Michell felt it necessary to question orthodoxy. His book on the identity of the true author(s) of Shakespeare’s plays, “Who Wrote Shakespeare?” examined this question thoroughly but received mixed reviews. Several of his other publications questioned the commonly accepted archaeologists’ interpretations of their findings, suggesting that their refusal to take ideas about ley lines seriously was a grave error. In the 1980s, two academic archaeologists investigated his ideas and found that he had erroneously included natural rocks and monuments that were created far later than during the prehistoric era as markers for his supposed ley lines. When the replacement of feet and inches by the Metric metre was introduced, Michell objected strongly to the abandonment of a measurement that he believed dated back to earliest times and established an Anti-Metrication Board to oppose the change.

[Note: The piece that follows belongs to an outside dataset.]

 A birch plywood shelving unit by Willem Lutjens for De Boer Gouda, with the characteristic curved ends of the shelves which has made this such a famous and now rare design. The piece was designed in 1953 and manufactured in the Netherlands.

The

Michell had one son, Jason Goodwin, born in 1964. His mother was the writer Jocasta Innes (1934-2013), who was married twice to Richard B Goodwin. Jason, a Byzantine scholar, is a well-known, prize-winning author, whose books my wife has enjoyed greatly.

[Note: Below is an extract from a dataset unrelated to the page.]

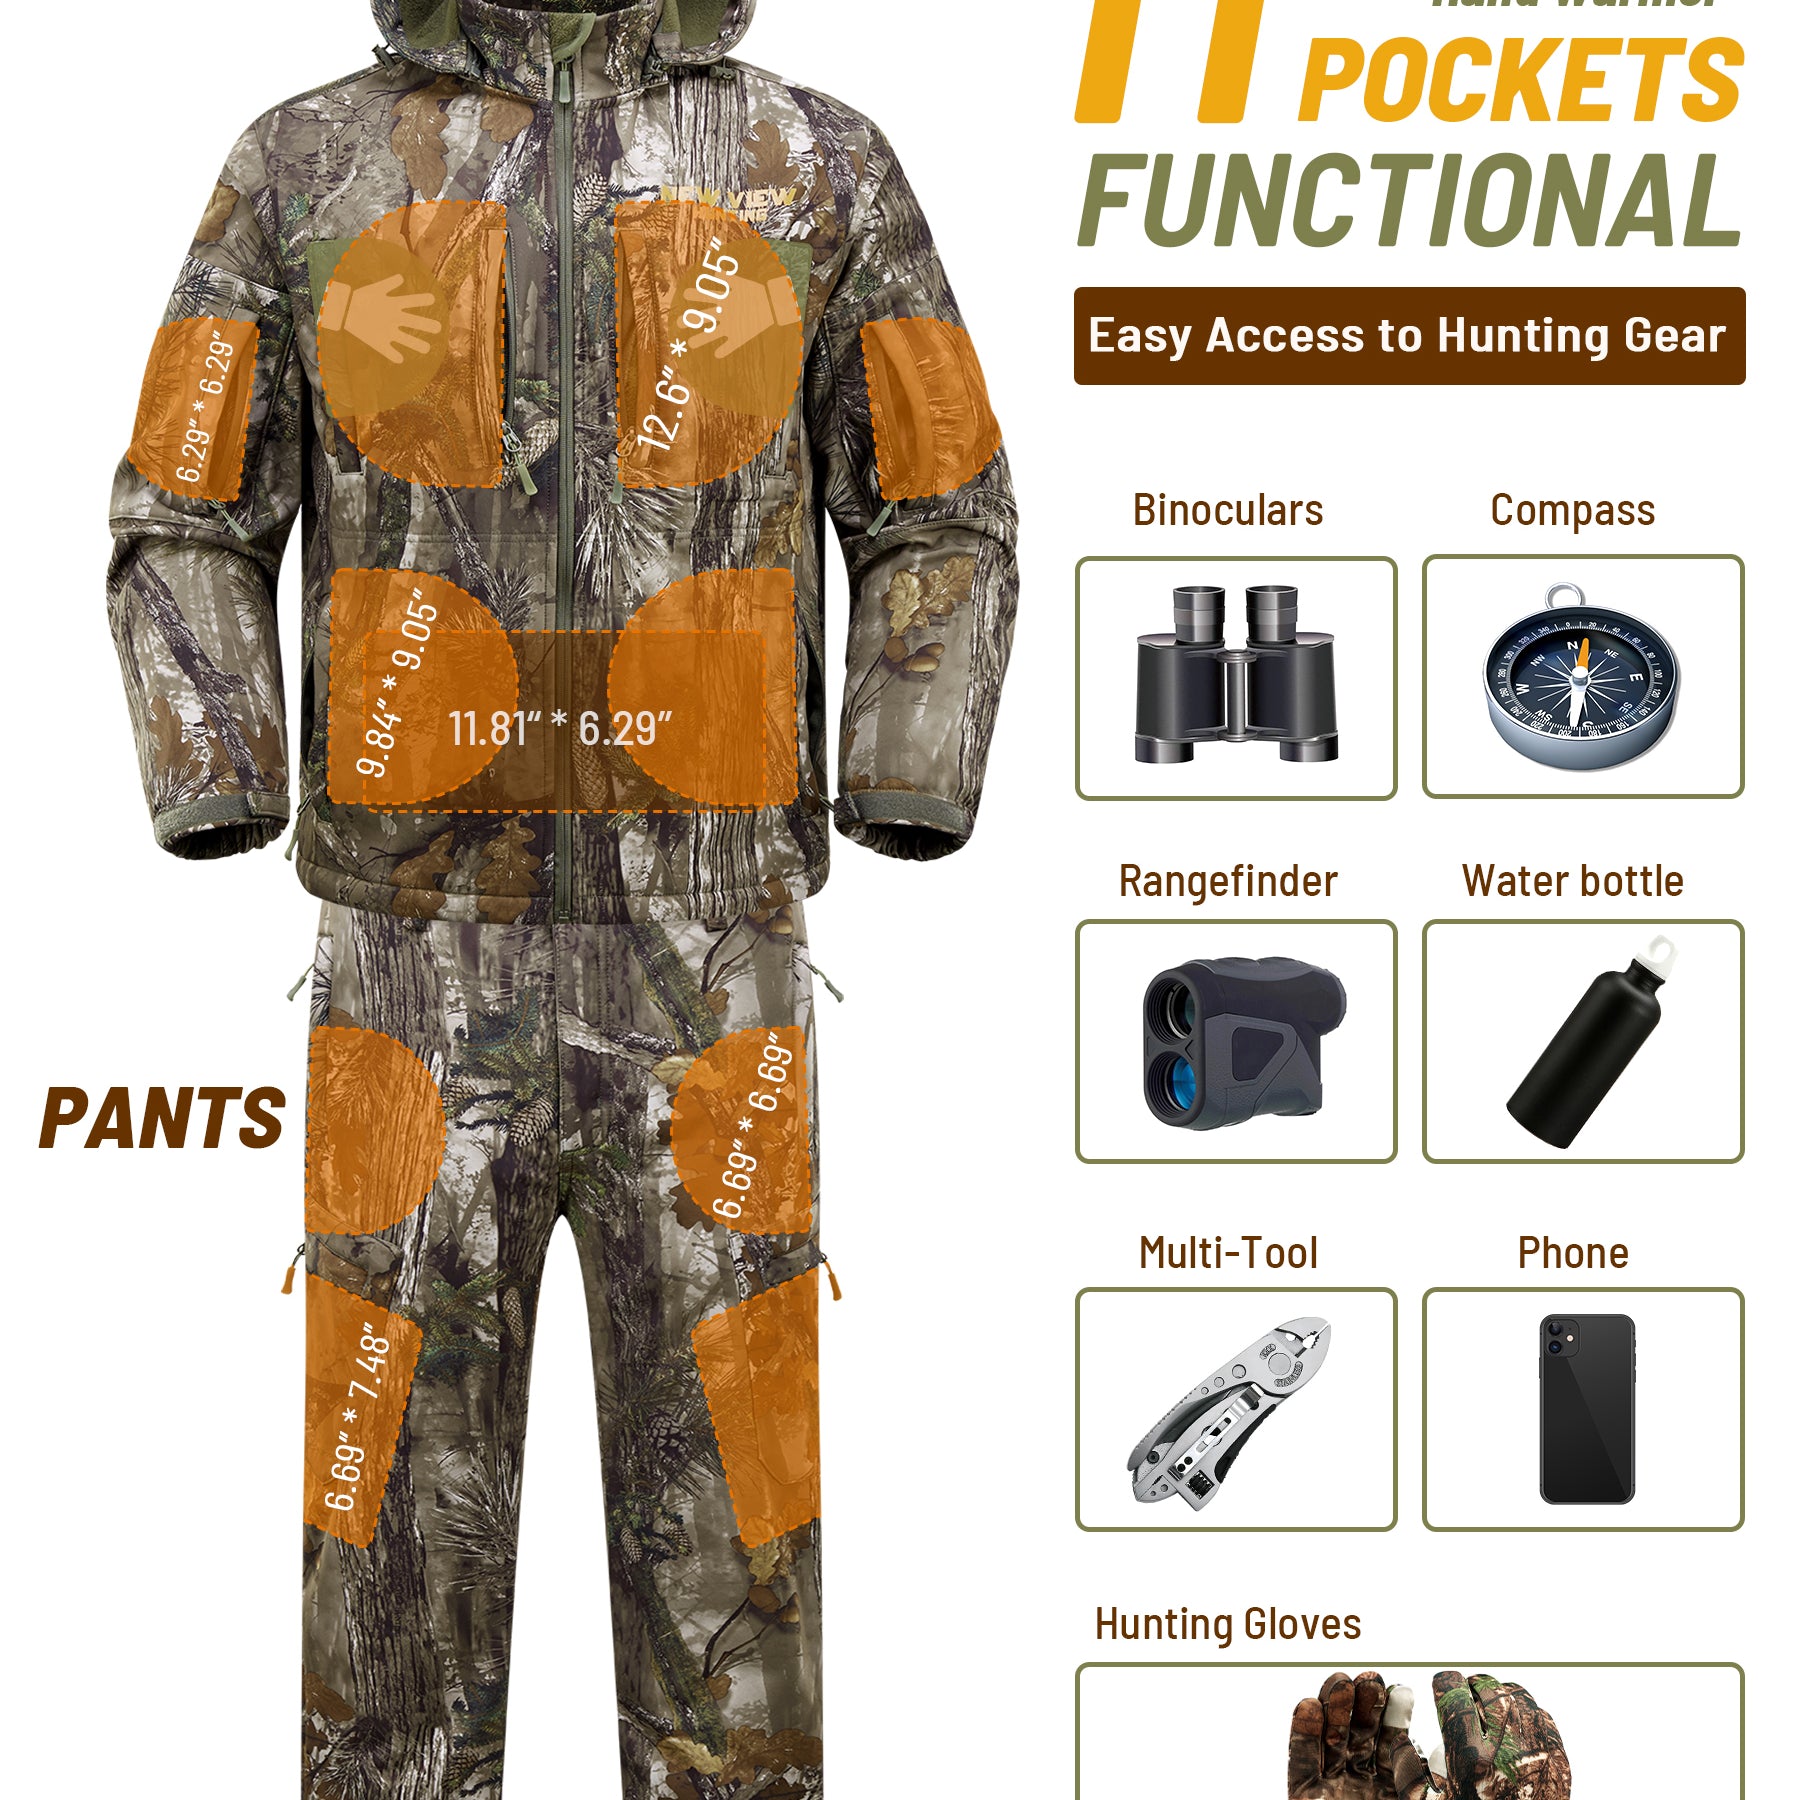 the hunting suit provides 13 pockets

Michell became a cult figure in Notting Hill, associated with the ‘local vibe’ and The Rolling Stones. He took members of the group to Stonehenge to scan the heavens for saucers (https://www.nytimes.com/2009/05/03/books/03michell.html). He smoked marijuana regularly, publicly encouraged the use of mind-altering drugs, and, surprisingly, his favourite newspaper was the right-wing oriented “The Telegraph”. At Notting Hill, he lived at number 11 Powis Gardens, within easy reach of All Saints Church, where the stone monument to his memory can be found. It was sculpted by John de Pauley, who explained (www.constructingtheuniverse.com/JM%20Memorial%20Sculpture.html):
“’The idea for the sculpture comes from Neolithic stone spheres. Their purpose remains a mystery. The geometrical construction is of a Platonic solid, 12 projecting tumescence making an icosahedron.”
Knowing this and a little about Michell, it seems an entirely suitable memorial to a bold and original thinker.
Finally, that word ‘geometer’: it is simply the name given to a mathematician, who studies geometry. One of Michell’s may paintings has the title “The Geometer’s Breakfast”.